• Exceptions to the Without Prejudice Rule should not Discourage Settlement Negotiations
  • August 13, 2010 | Author: Alex Denny
  • Law Firm: Faegre & Benson LLP - London Office
  • In Woodward v Santander UK Plc (formerly Abbey National Plc) UKEAT/0250/09 it was held that the exceptions to the without prejudice rule must be construed narrowly and parties should not be discouraged from settling disputes through fear that communications made in the course of genuine settlement negotiations could later be used to their prejudice in subsequent proceedings.

    Mrs Woodward was dismissed by Santander UK Plc (the Company). She brought claims of unfair dismissal and sex discrimination but the proceedings were settled. The terms of the settlement agreement did not require the Company to provide a reference. Mrs Woodward found it difficult to find alternative employment and believed that the Company was hindering her job applications. She consequently sought to bring fresh claims against the Company for victimisation, detrimental treatment and, in relation to an application to the Company for employment, sex discrimination. Mrs Woodward argued that the Tribunal should consider the prior settlement negotiations and in particular the Company's refusal to give a reference as part of the settlement.

    The Employment Appeal Tribunal held that Mrs Woodward should not be allowed to adduce evidence of what had been discussed during settlement negotiations. The negotiations had been genuinely conducted in order to settle prospective litigation and therefore, unless the evidence fell within an exception to the without prejudice rule, it was inadmissible. The key exception to the rule is when it is used to disguise blackmail or other ‘unambiguous impropriety'. The EAT held that there was no basis for deciding that the Company's refusal to provide a reference fell within the unambiguous impropriety exception and, importantly, that parties should not be discouraged from settling disputes through fear that something said in the course of negotiations might be used to their prejudice in subsequent proceedings.

    The EAT's decision has also clarified the position following obiter comments in BNP Paribas v Mezzotero [2004] IRLR 508 and Brunel University & another v Vaseghi & Webster [2007] 482. Following these cases it was thought that discrimination could constitute an exception to the without prejudice rule in its own right.
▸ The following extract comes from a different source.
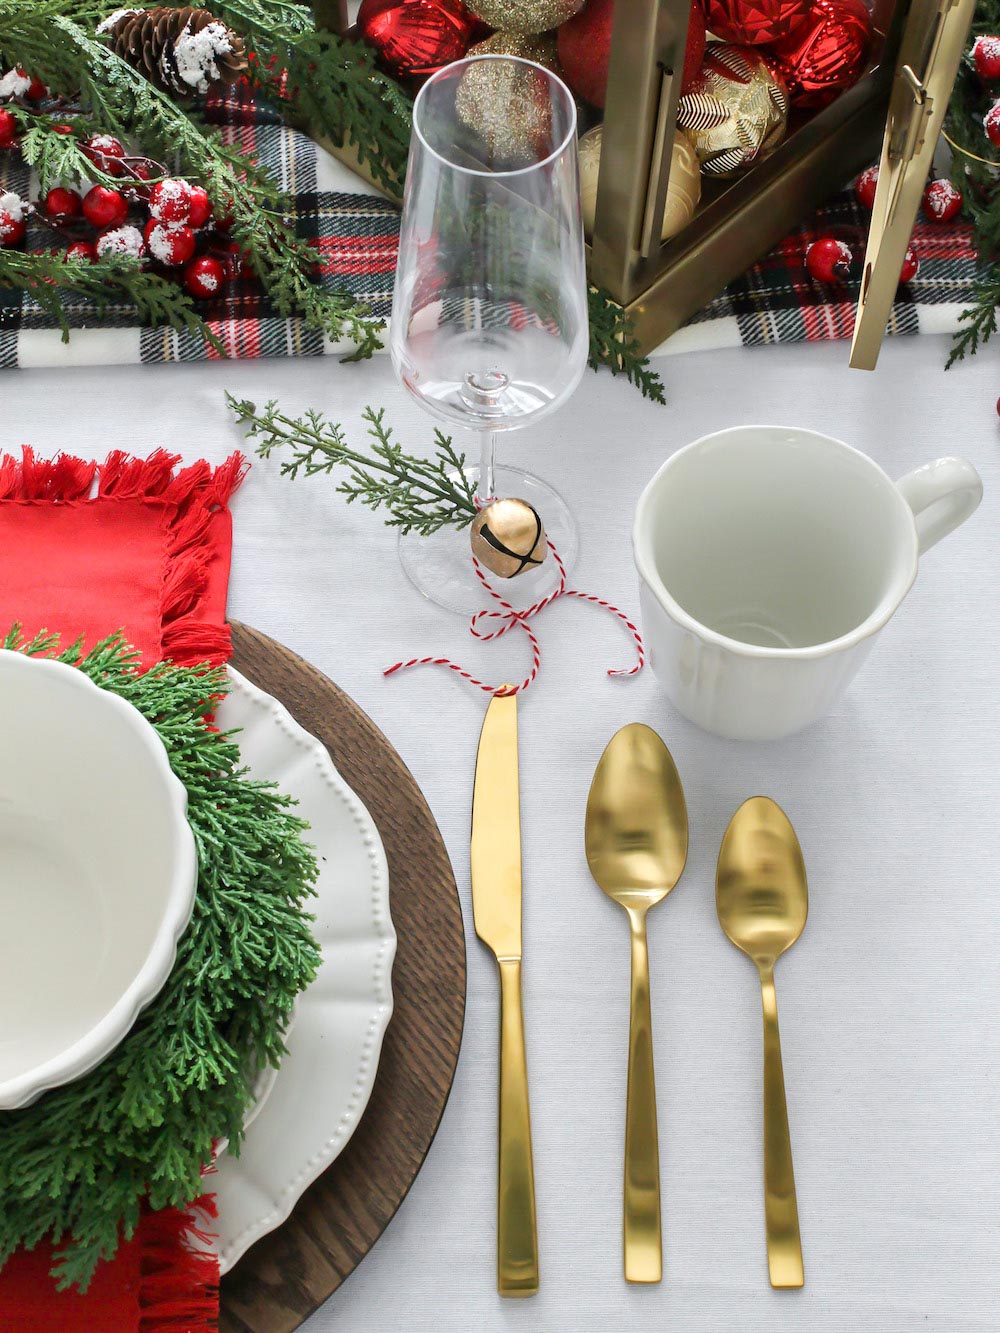 Ariel shot of decorated table containing gold cutlery, a wine glass, a coffee mug and holiday themed plates and bowls

However, the EAT has shown that discrimination cases should be viewed in the same way as any other type of case, that is, there must be unambiguous impropriety. Furthermore, the threshold is high for a party seeking to establish that this has been satisfied.

    Whilst employers should still take care when entering into without prejudice discussions, this case is encouraging as it shows that a Tribunal will only allow disclosure of such discussions if there is clear and unambiguous evidence of impropriety. A simple refusal to give a reference during the course of settlement negotiations is highly unlikely to constitute impropriety.